I really have been looking for breeders for months im just starting to loose interest in looking for one. I searched every page of puppyfind.com i emailed people but my parents think it would be some sort of scam and you wouldnt get the puppy you want if you didnt see the puppy in person.


----------



## Gypsy (Feb 13, 2006)

Here are a few I found on puppyfind in NY and NJ. It's hard to tell much about the breeder on Puppyfind so you would have to contact them and ask questions.  

These two are adorable! A chocolate and a black and tan, $500 in NJ.

http://www.puppyfind.com/view_listi...t_date&back=%2Fbrowse%2F%3Fstr%3Dc%26page%3D1
http://www.puppyfind.com/view_listi...=73319&country=&state=&page=1&order_by=&back=


This littel boy is cute, he's 11 months old which is still really young considering chis live a loong time. He's in NY and is $250.

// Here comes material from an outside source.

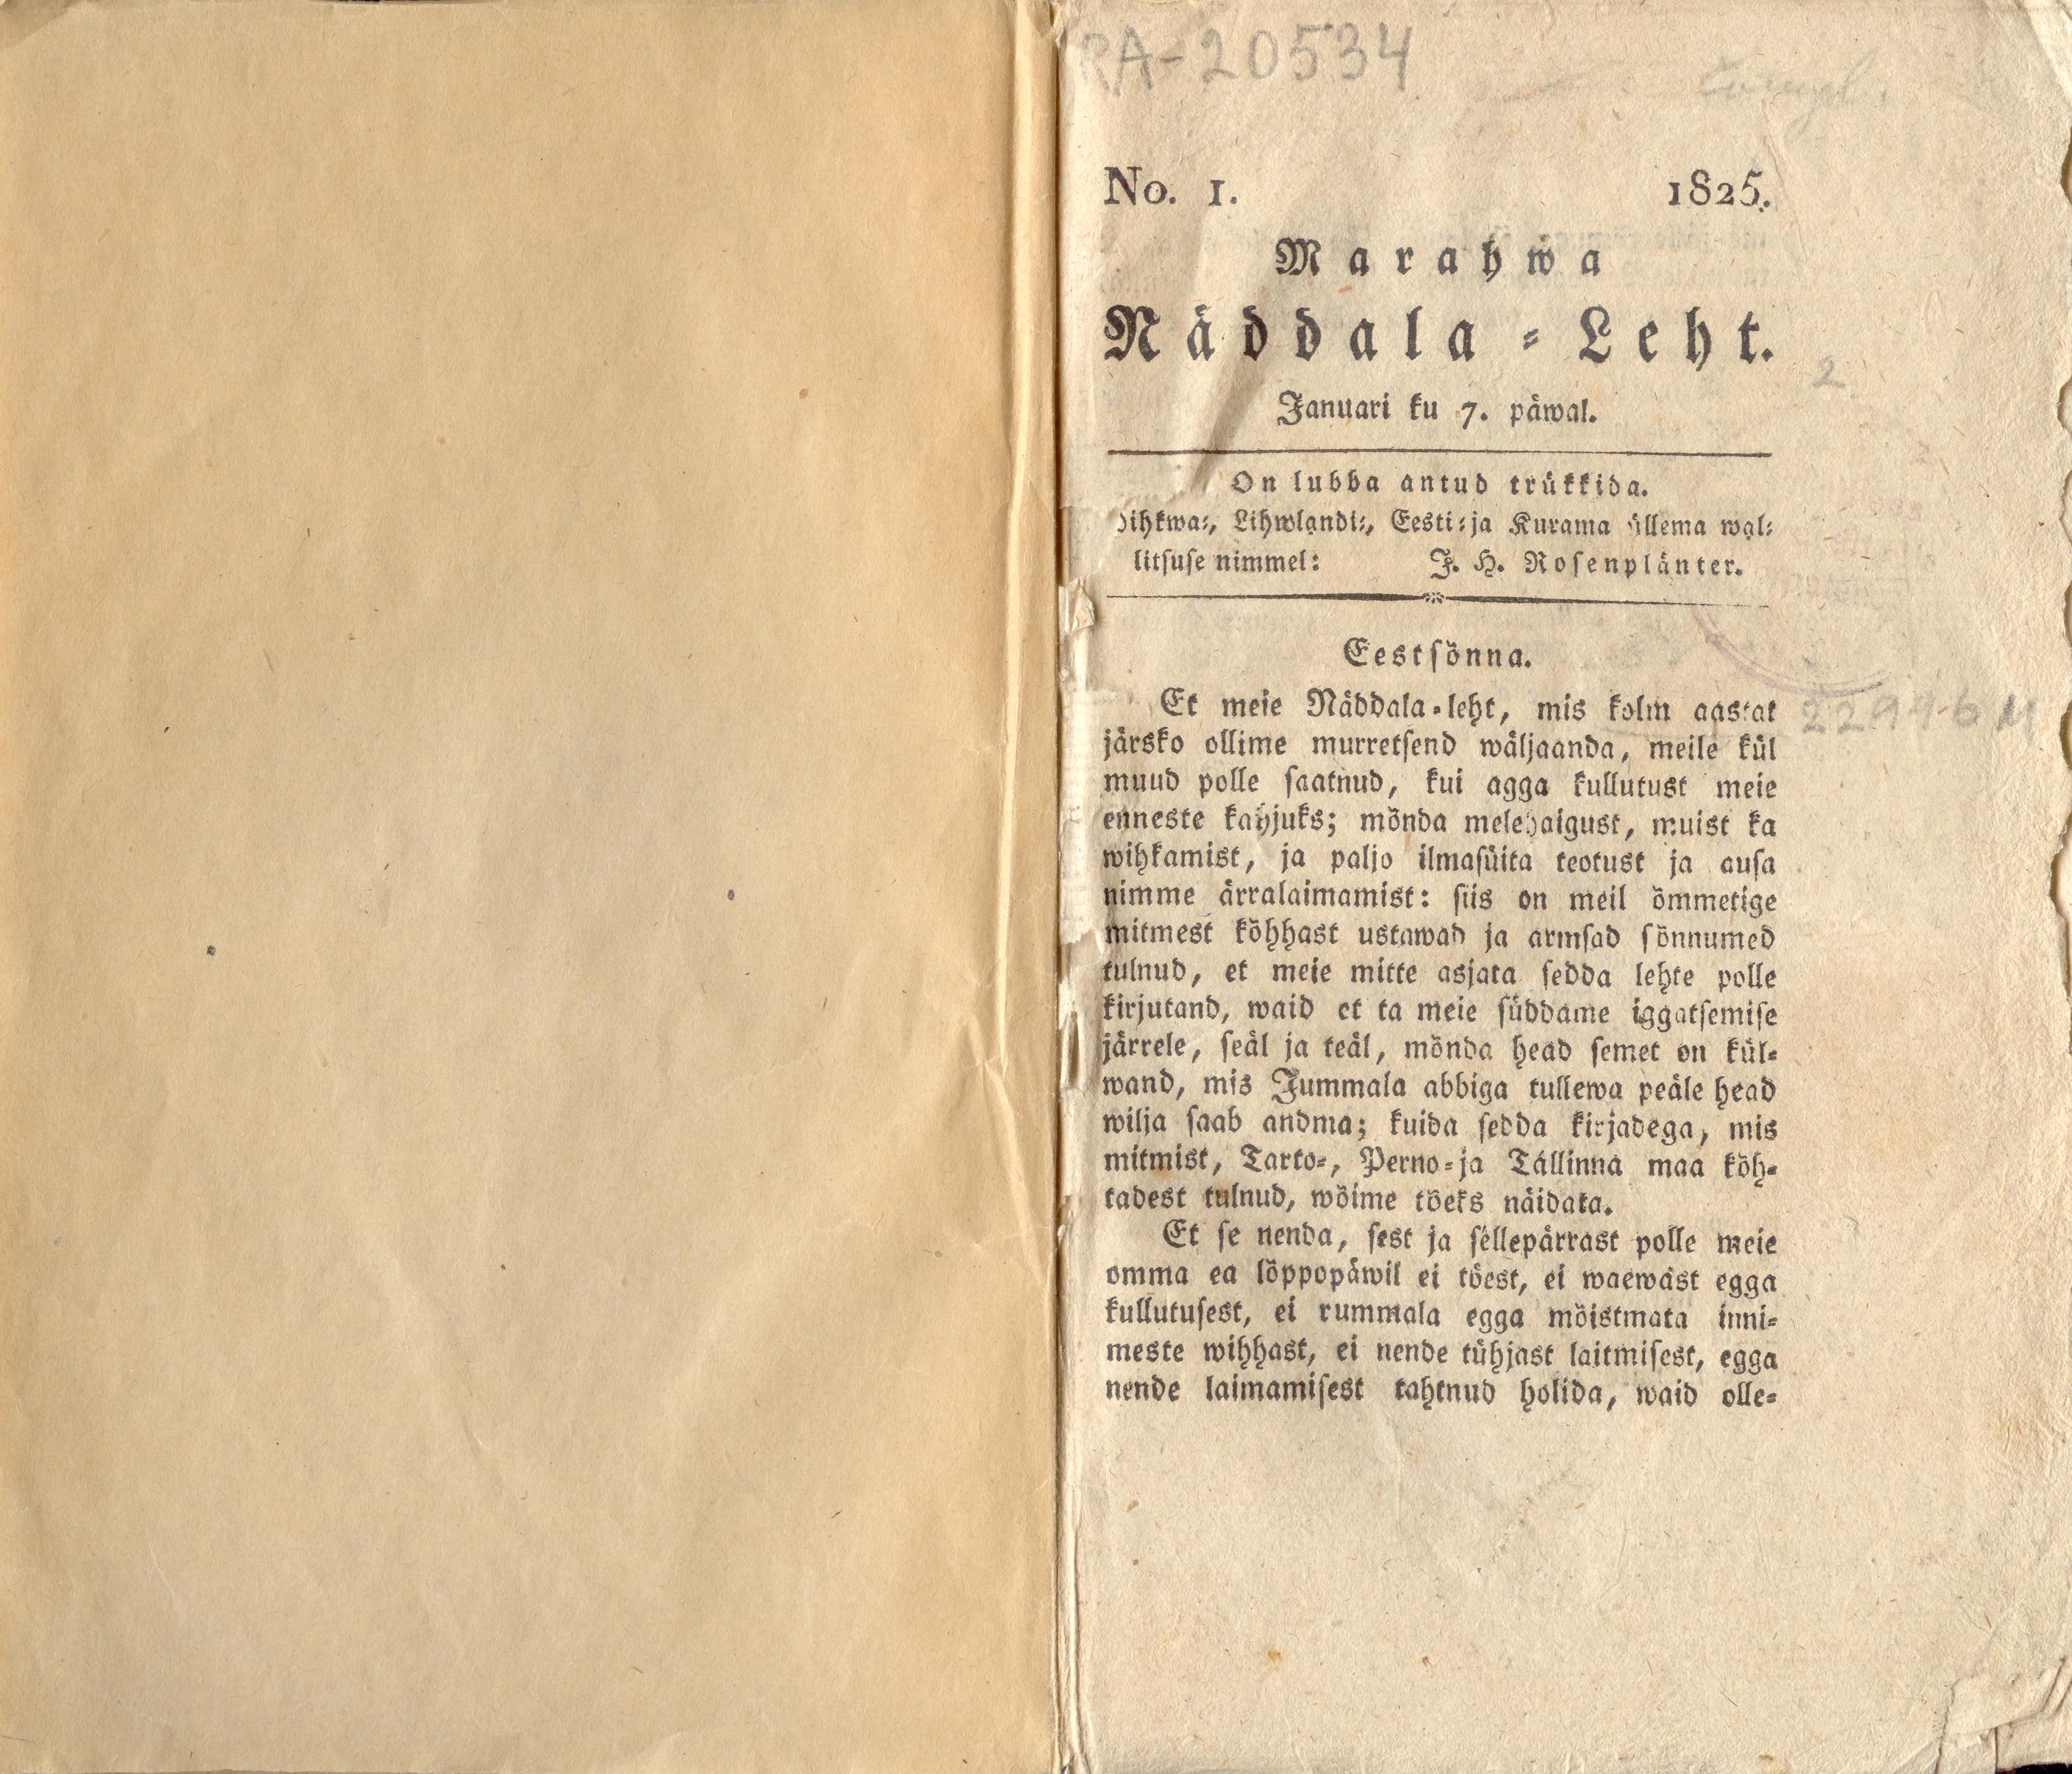 Marahwa Näddala-Leht [4] (1825) | 1. (1) Title page

http://www.puppyfind.com/view_listi...page%3D1&sid=dc67f7c8d4ba7073265fc1a4a125c408

Also in NY this is a puppy, he's cute. 

http://www.puppyfind.com/view_photo...page%3D1&sid=dc67f7c8d4ba7073265fc1a4a125c408


----------



## kimmiek915 (Oct 4, 2005)

I was able to find a few that were about $600, maybe you could talk to the breeder and ask for a discount? Here's the link:

http://www.puppyfind.com/for_sale/?...page%3D1&sid=adcf7d5eb6247c1aa602ed267fd69737


----------



## BellaLina's Mom (Mar 16, 2007)

Here is another chihuahua rescue website: www.chihuahuarescue.usa.


----------



## fishtor (Sep 22, 2006)

http://www.puppyfind.com/view_photo...ge%253D1&sid=5d21d3843320ba7c89b1d6b26af667f9 
They say it might be a chi/yorkie it looks like a regular chi what do u guys think?


----------



## kimmiek915 (Oct 4, 2005)

I think he's absolutely adorable with a cute little applehead. He looks perfect to me.


----------



## Sinead-Rocky (Jul 9, 2006)

Get your parents to phone them.

Sinead x


----------



## fishtor (Sep 22, 2006)

Idk i was looking for a chihuahua i just dont want that one to turn out looking like a yorkie.


----------



## Sinead-Rocky (Jul 9, 2006)

Nothing wrong with Yorkies......I own one 

Sinead x


----------



## fishtor (Sep 22, 2006)

I just would rather have a chi.


----------



## Sinead-Rocky (Jul 9, 2006)

fishtor said:


> Idk i was looking for a chihuahua i just dont want that one to turn out looking like a yorkie.


Dont look at crossbreds then LOL  

It takes time to look for the right dog, and the right one will turn up when its ready.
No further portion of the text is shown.